At the time of discharging the first jury, the trial judge had made an order under section 4 of the Contempt of Court Act 1981, prohibiting publication of details of the previous convictions of the defendants and any indication of IRA connections. He had directed that a copy of the order be sent to the editors of the national press and to the BBC and ITN. On the second day of the second trial he had reminded representatives of the media in court of the history of the case and had urged them to confine their coverage to what was said in court in the presence of the jury. The Evening Standard's article appeared a week later, and the following day the proceedings were stayed permanently.
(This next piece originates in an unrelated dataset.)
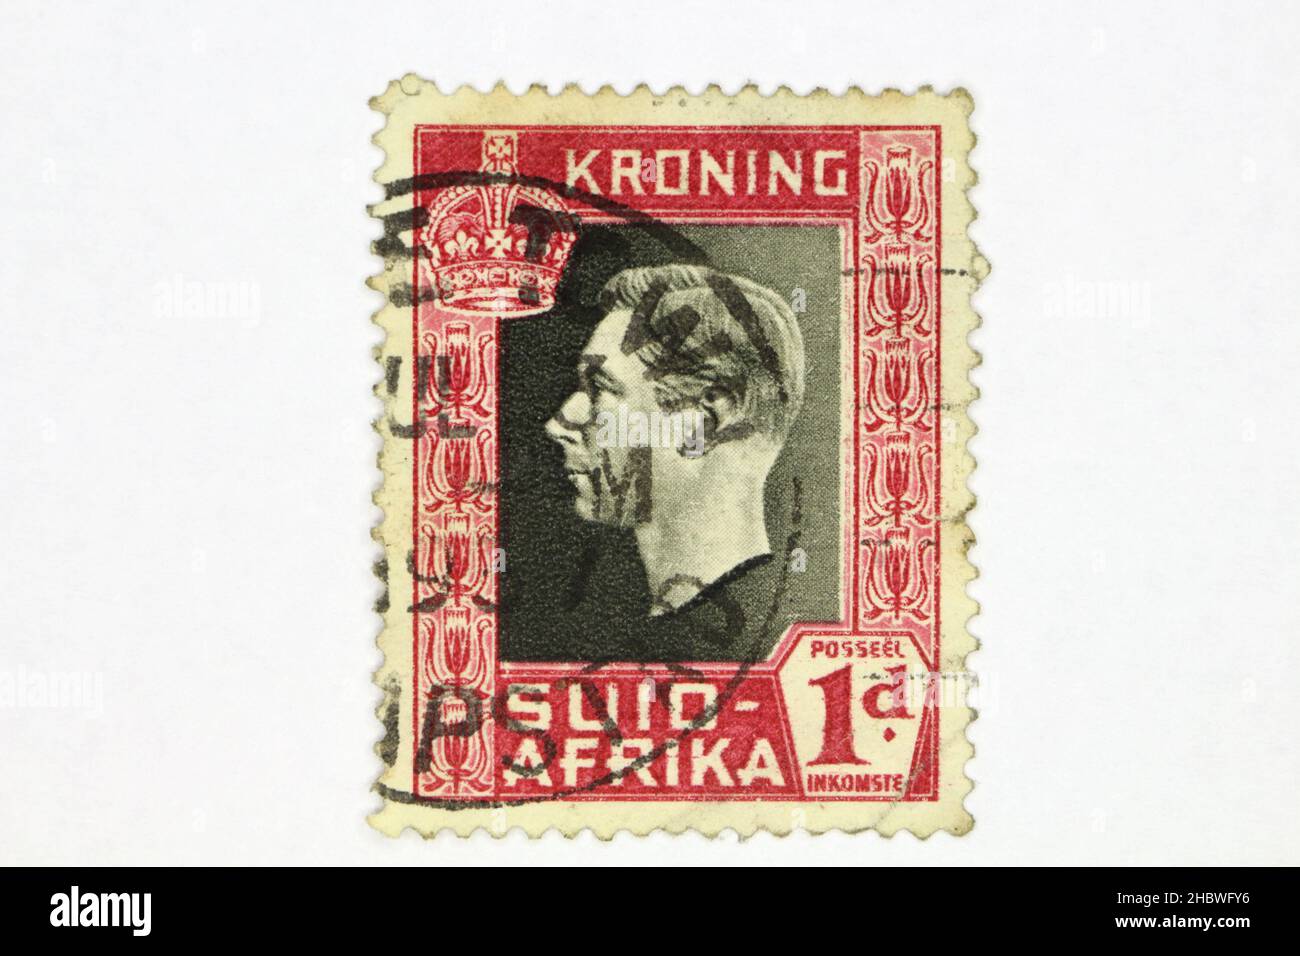 sudáfrica - Suid Afrika sello postal King George VI coronation (kroning) Foto de stock

David Pannick QC and Ian Burnett (Treasury Solicitor) for the Attorney General; Jonathan Caplan QC and William McCormick (Reynolds Porter Chamberlain) for the newspaper.

Lord Justice Kennedy said that the respondents had never intended to interfere in any way with the trial. A journalist employed by the Evening Standard had been commissioned to write an article on Belmarsh Prison. Neither the journalist nor any of the other staff involved appeared to have been aware of the trial which was in progress at Woolwich Crown Court. In the circumstances, and particularly having regard to the history of the case and the efforts made by the trial judge to alert the media, what had happened was plainly negligent. There was, however, no evidence of anyone having been contumacious.

The sole issue in the present case was whether the article had created a substantial risk that the proceedings against the six men would be seriously prejudiced. The case was unusual in that the jury knew from the outset that all six defendants had been convicted of serious crimes, and that it had been considered necessary to house them in a special secure unit.

Some jurors might well have deduced that some at least of the defendants were IRA terrorists, and might also have recalled some of the pre-trial publicity. That was all information the jurors might reasonably be expected to put aside when they came to deliberate about the case, but the article in question was something different. No juror who had seen it could have failed to be gripped by it. It was an article which gave the newspaper-reading juror specific information about three of the six defendants in his current case.

At the trial, much was bound to turn on the credibility of the witnesses, and the publication of the article, occurring when it did, was likely to have loaded the scales in favour of the prosecution in a way which no judicial warning could redress.